Swift Sequences

We’re incredibly excited about the new Swift programming language announced by Apple at this year’s WWDC. As a way of experimenting, we’ve begun looking into what it would be like if we rewrote Liftoff, our command line Xcode project generation/configuration tool, in Swift.

Liftoff supports a few options on the command line, so the first thing we’re trying to do is write a small command line parsing library in Swift.

We want to try avoiding importing Foundation, so we are relying on the top level constants C_ARGV and C_ARGC to get the arguments passed on the command line. Instead of working with these primitive types, we’d really rather have our own object that can hold onto a native String[]. By implementing the Sequence protocol, we could quickly iterate over these options to do whatever we need to do with them.
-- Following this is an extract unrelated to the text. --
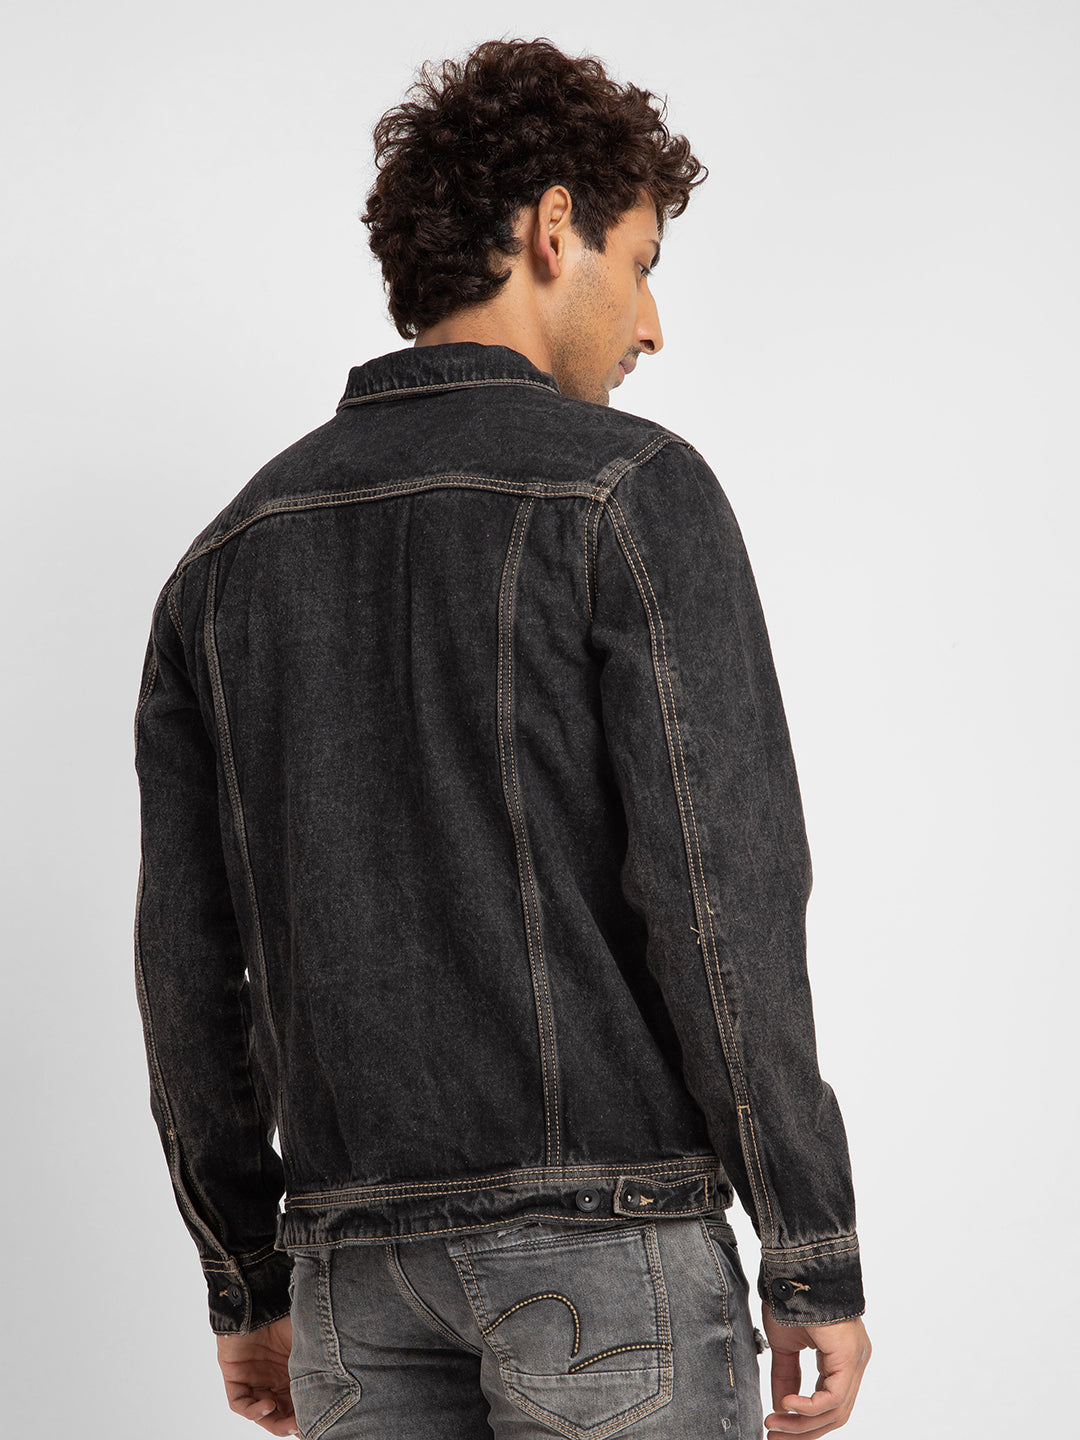 Buy Painted Denim Jackets Online in India - Best Offers
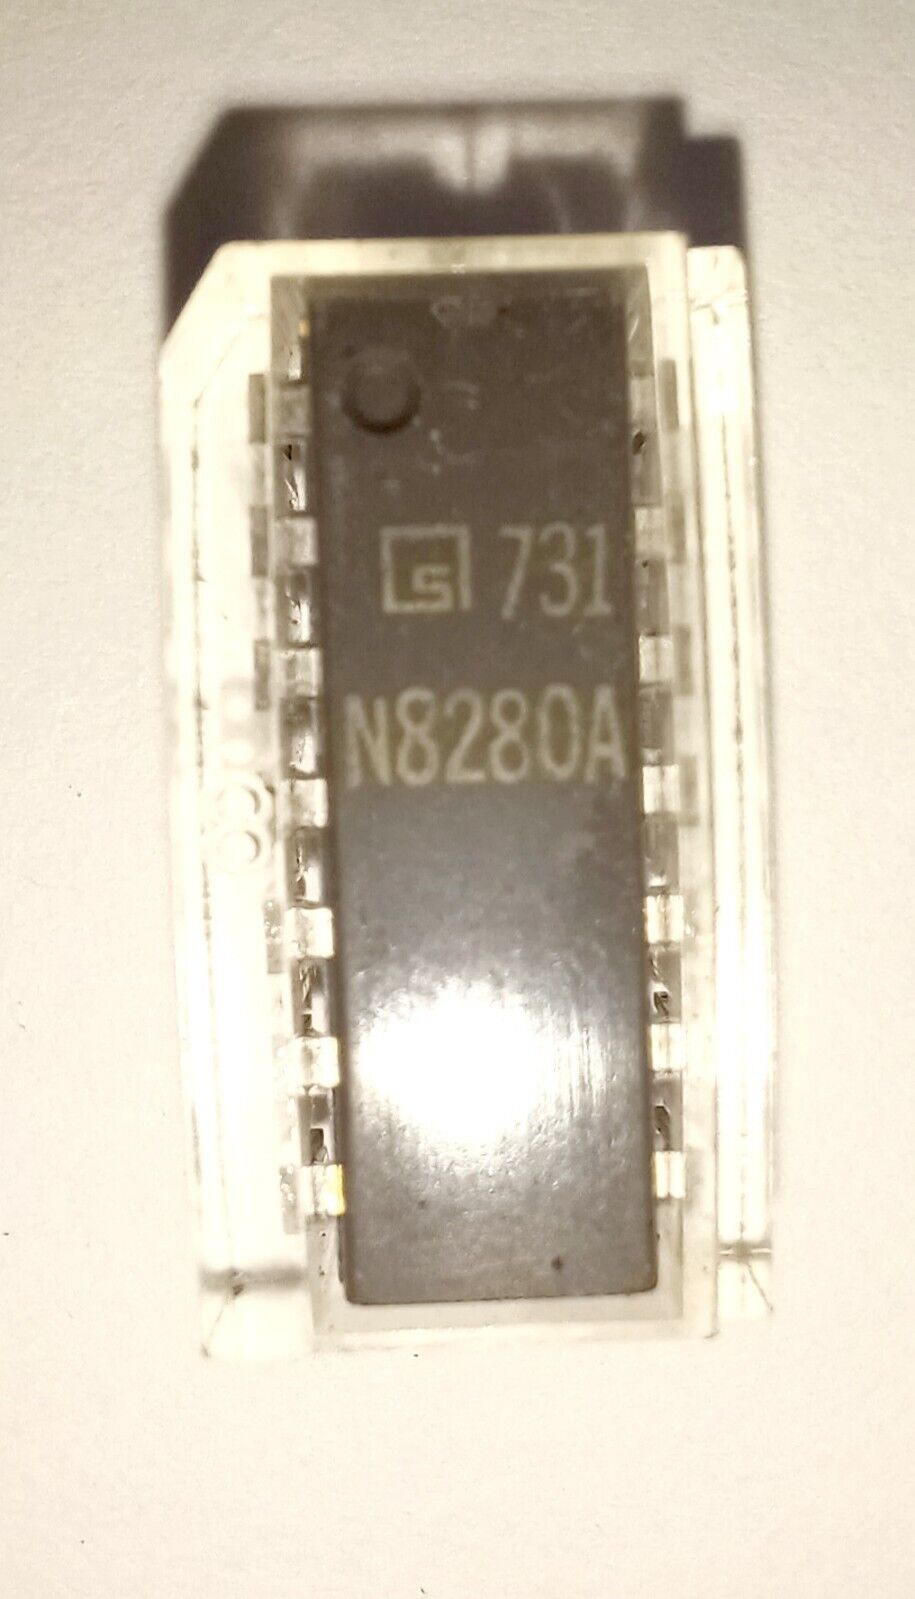 SIGNETICS N8280A IC chip microchip DIP-14 vintage 1973    DECADE asynchronous

EDIT: After publishing this post, I received feedback from a few people about a different way to get arguments from the command line. Apparently, there is a Process struct available without importing Foundation. This struct has an arguments property, and it conforms to Sequence. This knowledge is gained entirely through trial and error, as there is currently no available documentation on it. In fact, this struct doesn’t even show up in Xcode’s generated header. I’ll proceed with this post using C_ARGV and C_ARGC, but in the final version of this, I’ll probably end up using Process.arguments.

Creating the Argument List

The requirements for the ArgumentList object are as follows:

  • Instantiate it with C_ARGV and C_ARGC
  • Transform those into a native property with the type String[]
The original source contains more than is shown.